Categories: Haematopoietic system phene

Possibly relevant human trait(s) and/or gene(s)s (MIM numbers): 185000 (trait) , 194380 (trait) , 185020 (trait)

Links to MONDO diseases: No links.

Mendelian trait/disorder: unknown

Considered a defect: yes

Cross-species summary: Abnormal red blood cell morphology (central zone of pallor has a 'mouthlike' pattern) and hypertrophic gastritis

Species-specific name: Familial stomatocytosis hypertrophic gastritis

Genetic engineering: Unknown
Have human generated variants been created, e.g. through genetic engineering and gene editing

Clinical features: Slappendel et al. (1991): "The main clinical problems were diarrhoea, icterus, and ataxia and paresis of the pelvic limbs. Laboratory evaluation revealed abnormal red cell shape (stomatocytosis), increased osmotic fragility, haemolytic anaemia, and increased liver enzymes and serum bilirubin.
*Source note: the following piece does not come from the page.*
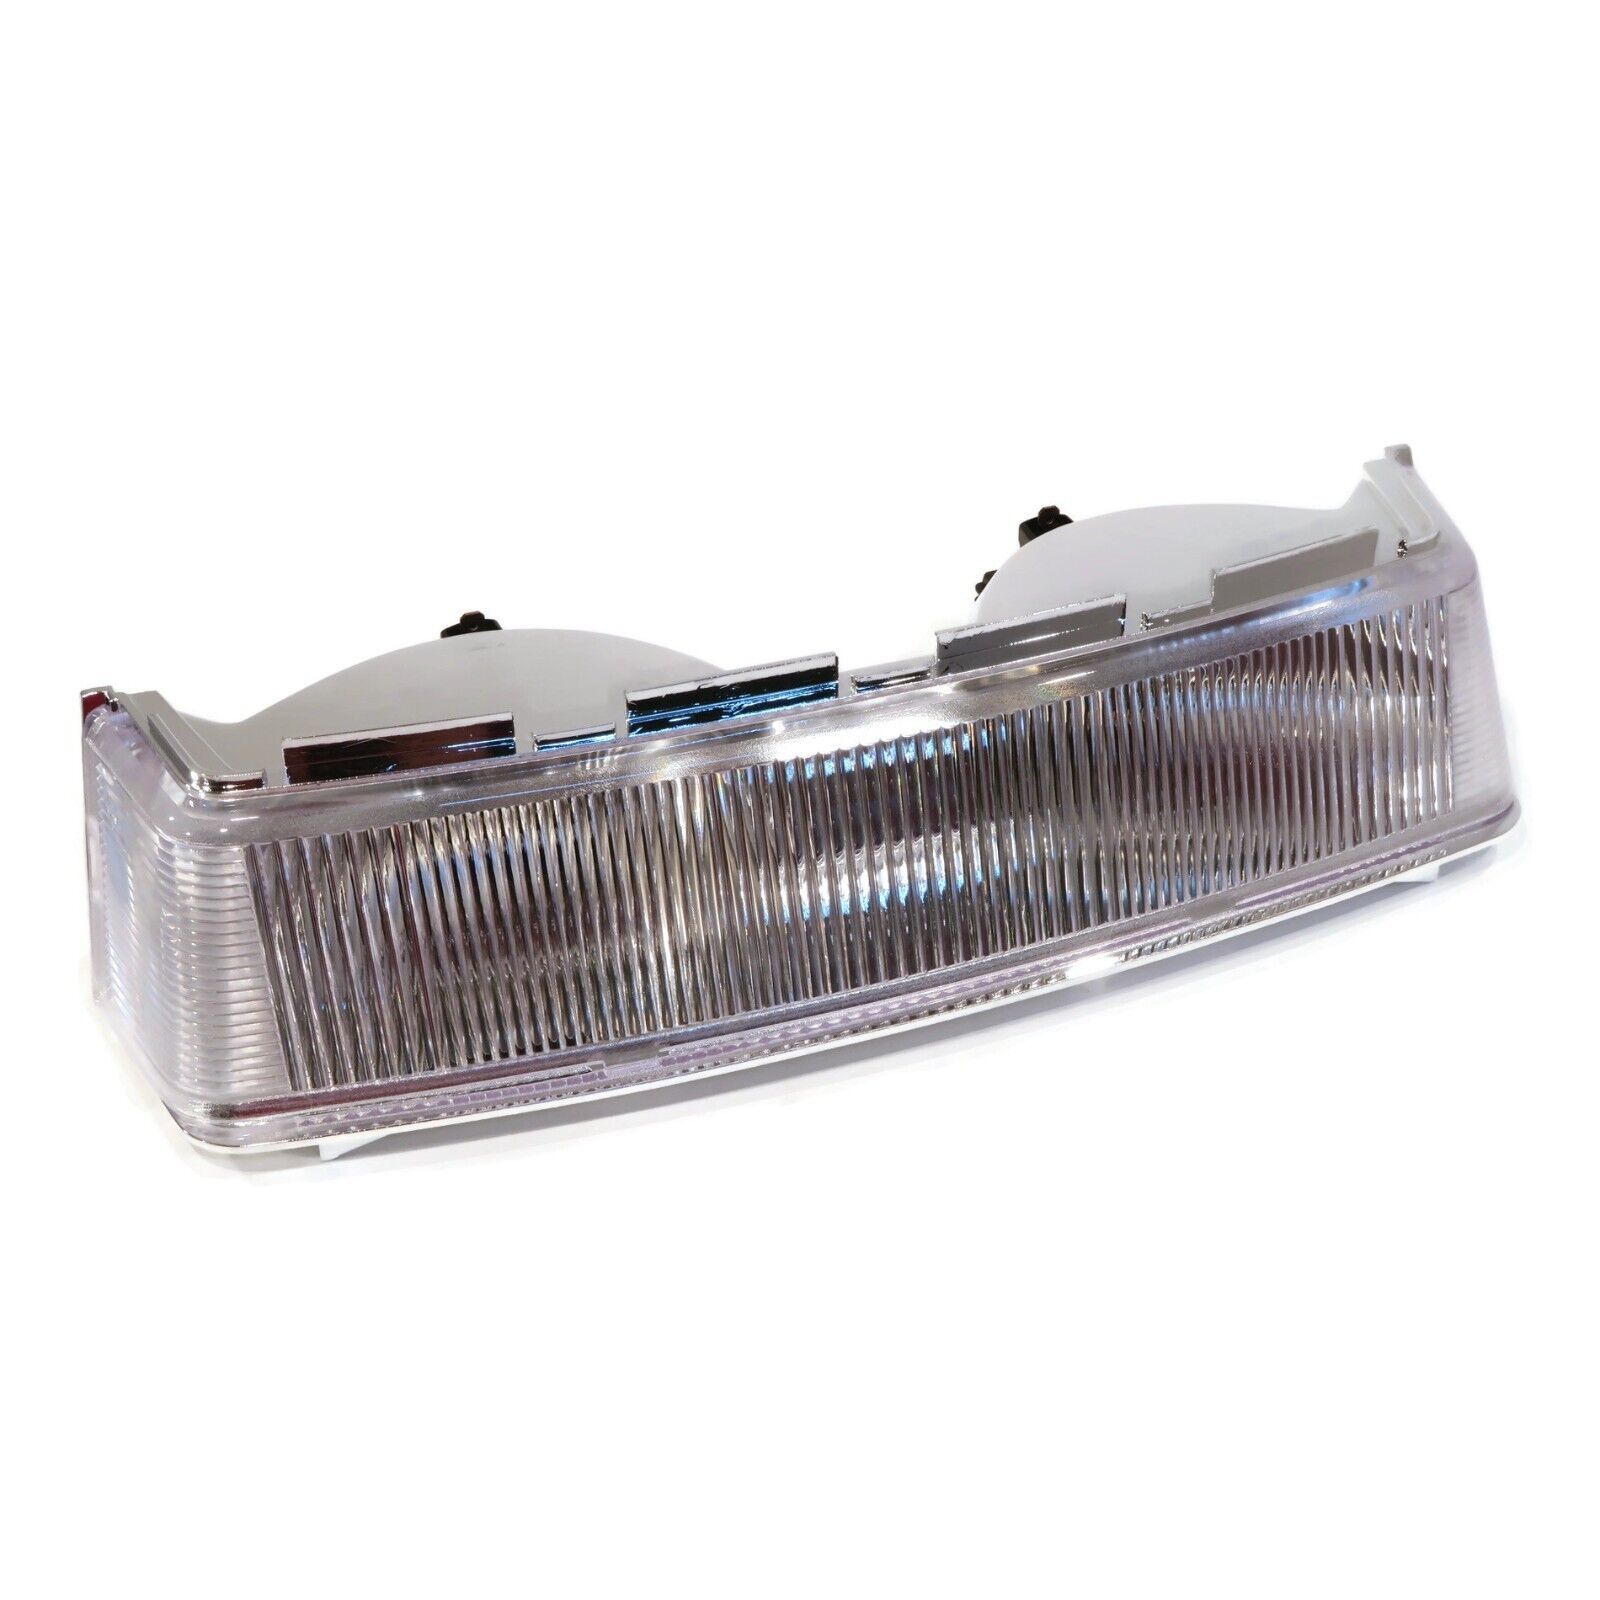 Simplicity HEADLIGHT ASSEMBLY for 1703945SM, 1703945

Gastroscopic and histopathologic examination of the gastric mucosa revealed hypertrophic gastritis resembling Ménétrier's disease in man. ... Electroneurography in 2 dogs revealed polyneuropathy."

Pathology: Slappendel et al. (1991): "Histologic findings in the liver were suggestive of progressive liver disease. Cysts were found in the kidneys of the five oldest patients."